A new treatment which stimulates the spinal cord with electric impulses offers some hope to those with severe spinal cord injuries. Currently they have little prospect of recovery, remaining confined to a wheelchair.
Researchers from Fraunhofer-Gesellschaft developed the implantable microelectrode sensors for the EU’s NEUWalk project. A group of European research institutions and companies are working on a new method of treatment intended to restore motor function in paraplegic patients. The technique involves electrically stimulating the nerve pathways in the spinal cord.
Damaged Nerve Cells
“In the injured area, the nerve cells have been damaged to such an extent that they no longer receive usable information from the brain, so the stimulation needs to be delivered beneath that,” said Dr. Peter Detemple, NEUWalk project coordinator.
Detemple and his team are currently developing flexible, superthin microelectrodes that will be implanted in the spinal canal of the spinal cord. These multichannel electrode arrays stimulate the nerve pathways with electric impulses that are generated by the accompanying by microprocessor-controlled neurostimulator.

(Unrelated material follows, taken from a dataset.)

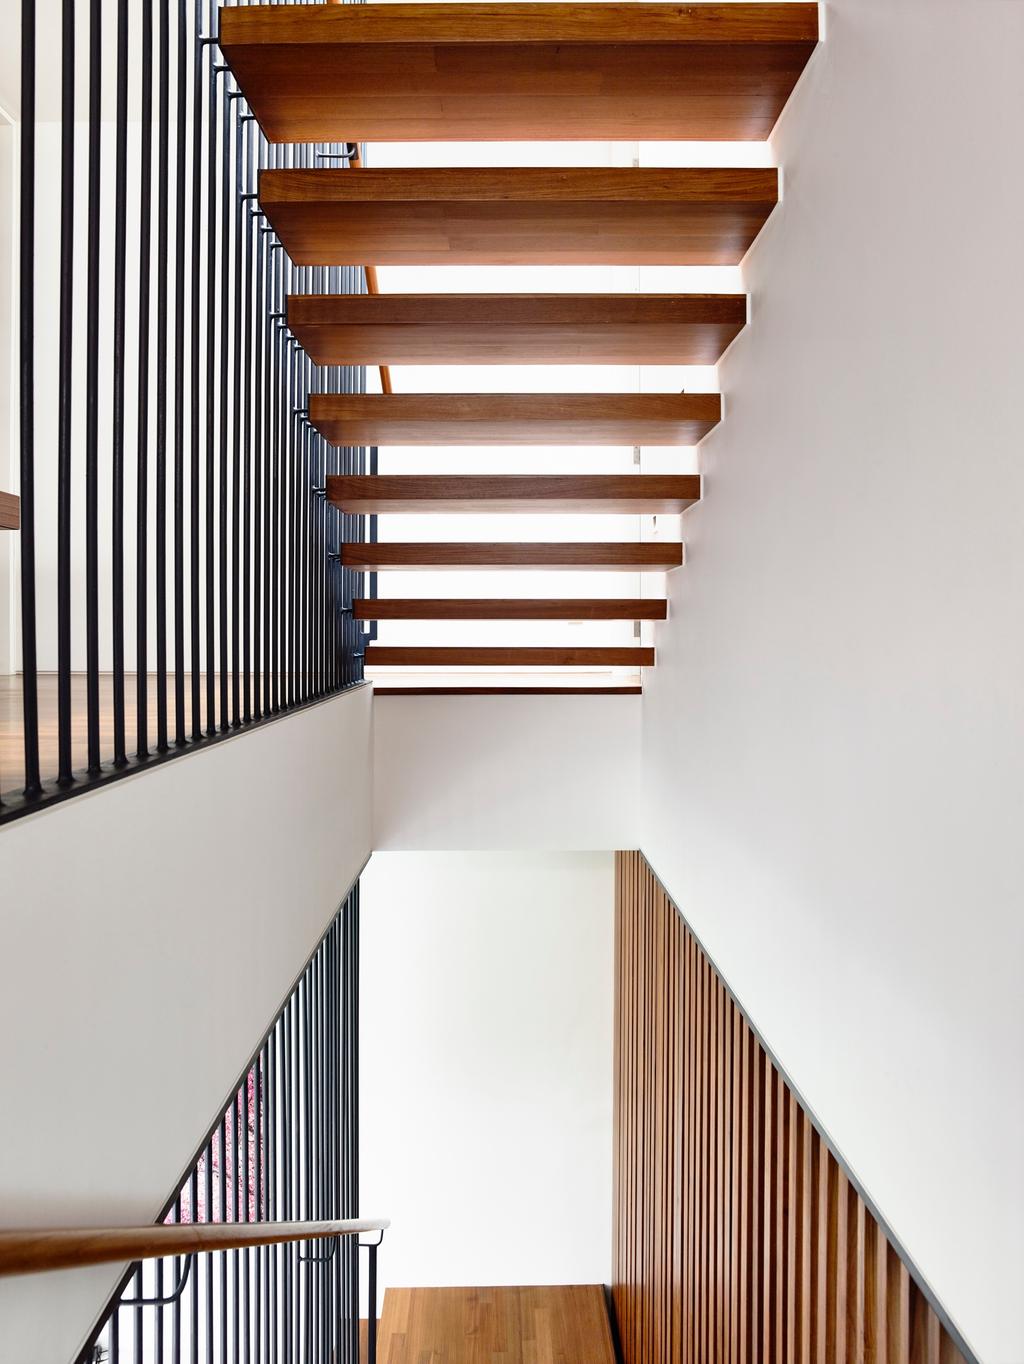 Modern, Landed, Greenwood Avenue, Architect, HYLA Architects, Banister, Handrail, Staircase
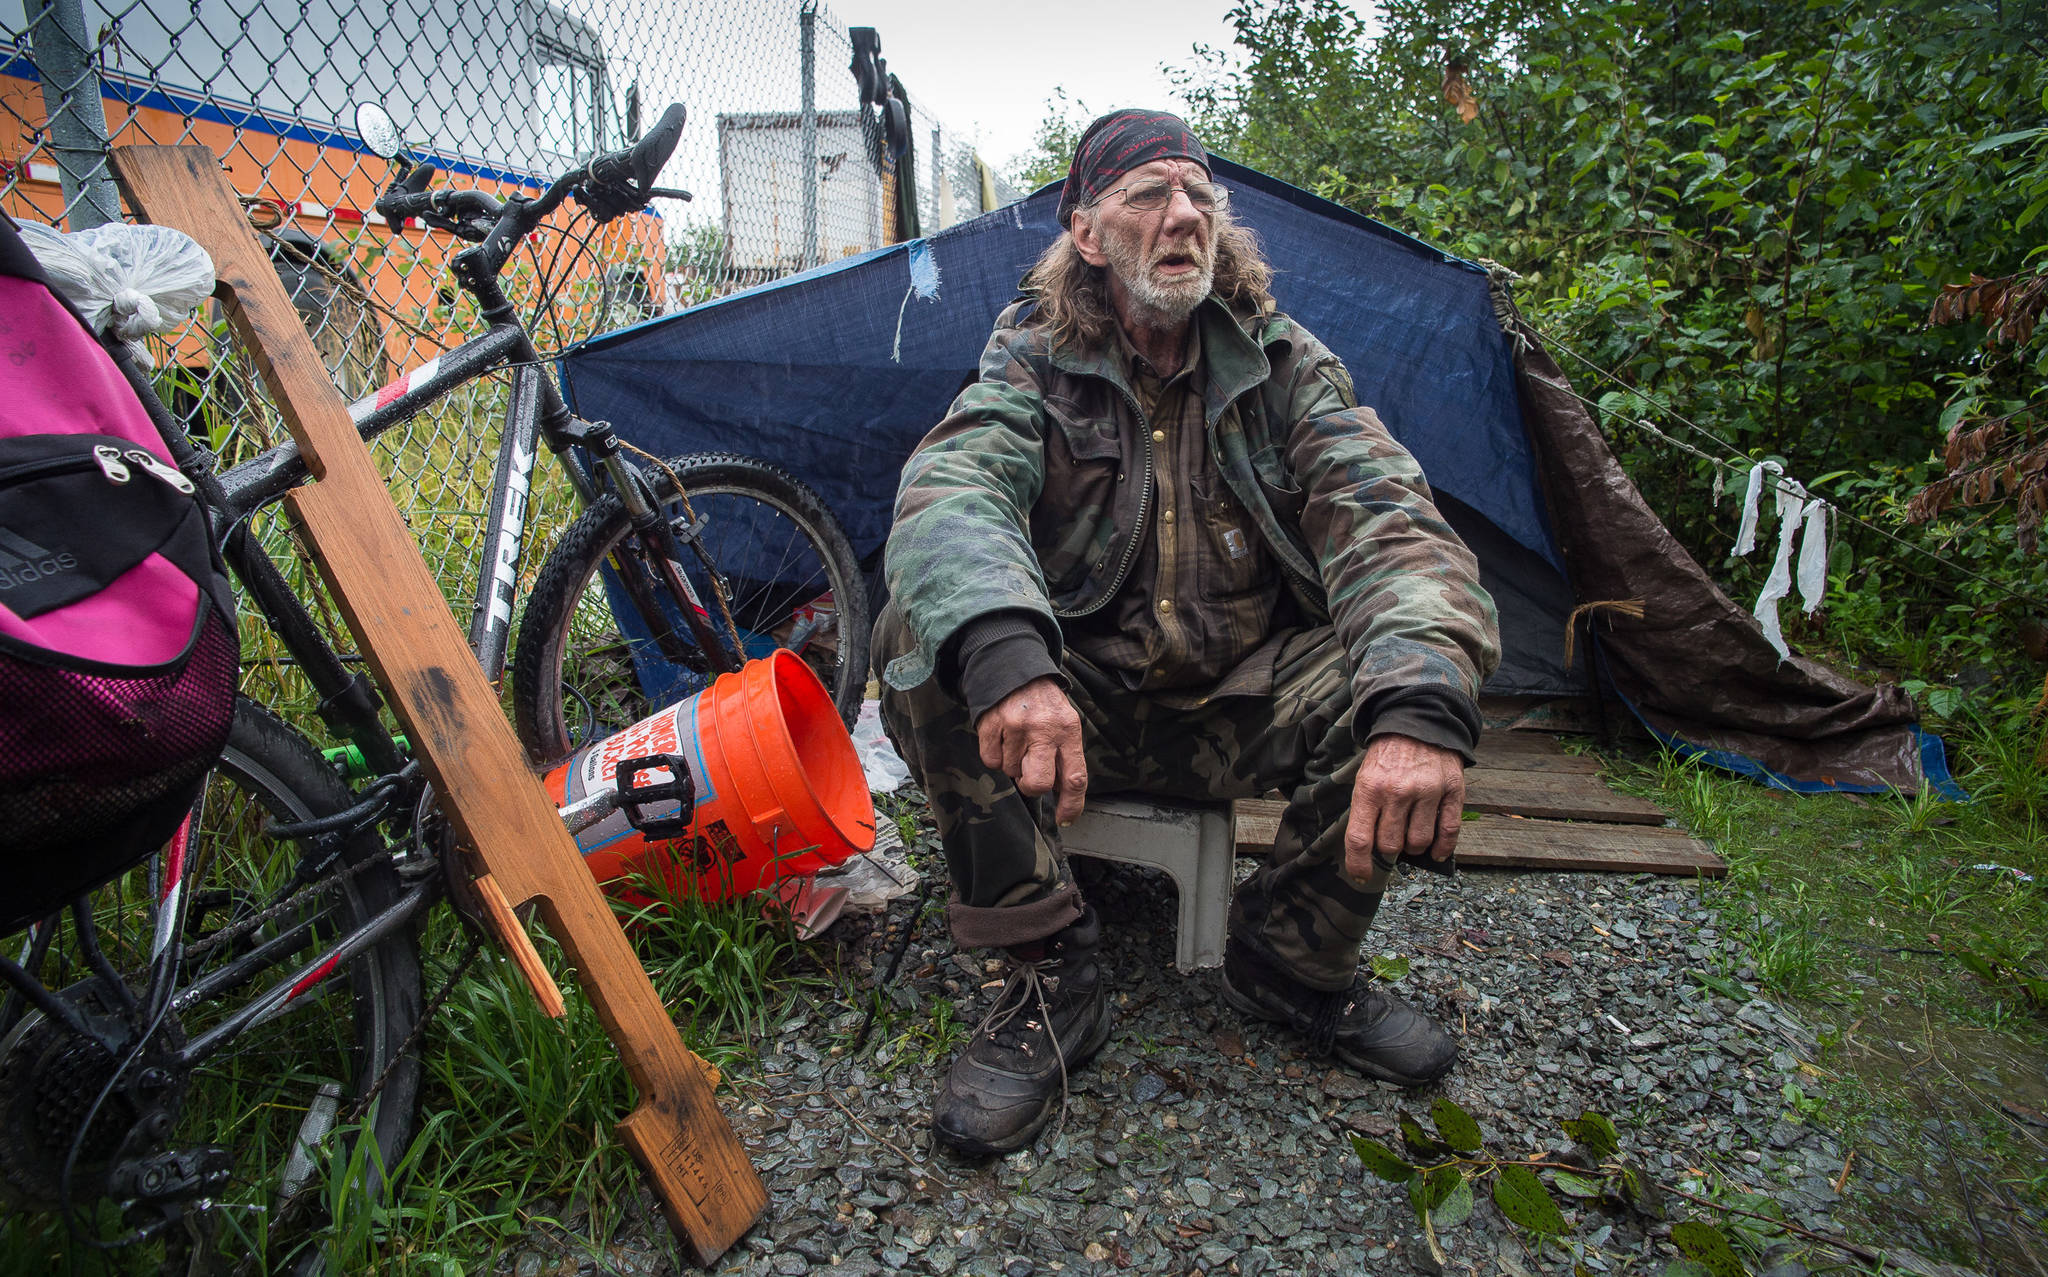 Eugene Graham, who calls himself the Traveler, talks about living in a homeless encampment on property belonging to the Alaska Mental Health Trust Authority on Friday, Aug. 18, 2017. The Trust Authority will give campers a two-week notice to vacate the area starting Tuesday. (Michael Penn | Juneau Empire)

“The various electrodes of the array are located around the nerve roots responsible for locomotion. By delivering a series of pulses, we can trigger those nerve roots in the correct order to provoke motion sequences of movements and support the motor function,” says Detemple.
Tests have already been successfully done by the project on rats in which the spinal cord had not been completely severed. In addition to stimulating the spinal cord, the rats were given a combination of medicine and rehabilitation training. Following this, the animals were able not only to walk but also to run, climb stairs and get around obstacles.
“We were able to trigger specific movements by delivering certain sequences of pulses to the various electrodes implanted on the spinal cord,” said Detemple. “We hope that we will be able to transfer the results of our animal testing to people. Of course, people who have suffered injuries to their spinal cord will still be limited when it comes to sport or walking long distances. The first priority is to give them a certain level of independence so that they can move around their apartment and look after themselves, for instance, or walk for short distances without requiring assistance.”
Parkinson’s disease patients may also be able to benefit from the neural implant. The most familiar symptoms of this disease are trembling, extreme muscle tremors and a short, stooped gait that has a profound effect on patients’ mobility. This neurodegenerative disorder has until now mostly been treated with dopamine agonists. These are drugs which chemically imitate the effects of dopamine. Unfortunately they often lead to serious side effects when taken over a longer period of time.
Once Parkinson’s has reached an advanced stage, doctors frequently turn to deep brain stimulation treatment. This requires a complex operation to implant electrodes in specific parts of the brain so that the nerve cells in the region can be stimulated or suppressed as required.
In the NEUWalk project, researchers are working on electric spinal cord simulation — an altogether less dangerous intervention that should however ease the symptoms of Parkinson’s disease just as effectively.
NEUWalk researchers plan on trying out their system on two patients this summer. The patients are not completely paraplegic, as they retain some limited communication between the brain and the legs. The scientists are currently working on tailored implants for the intervention.
“However, even if both trials are a success, it will still be a few years before the system is ready for the general market. First, the method has to undergo clinical studies and demonstrate its effectiveness among a wider group of patients,” says Detemple.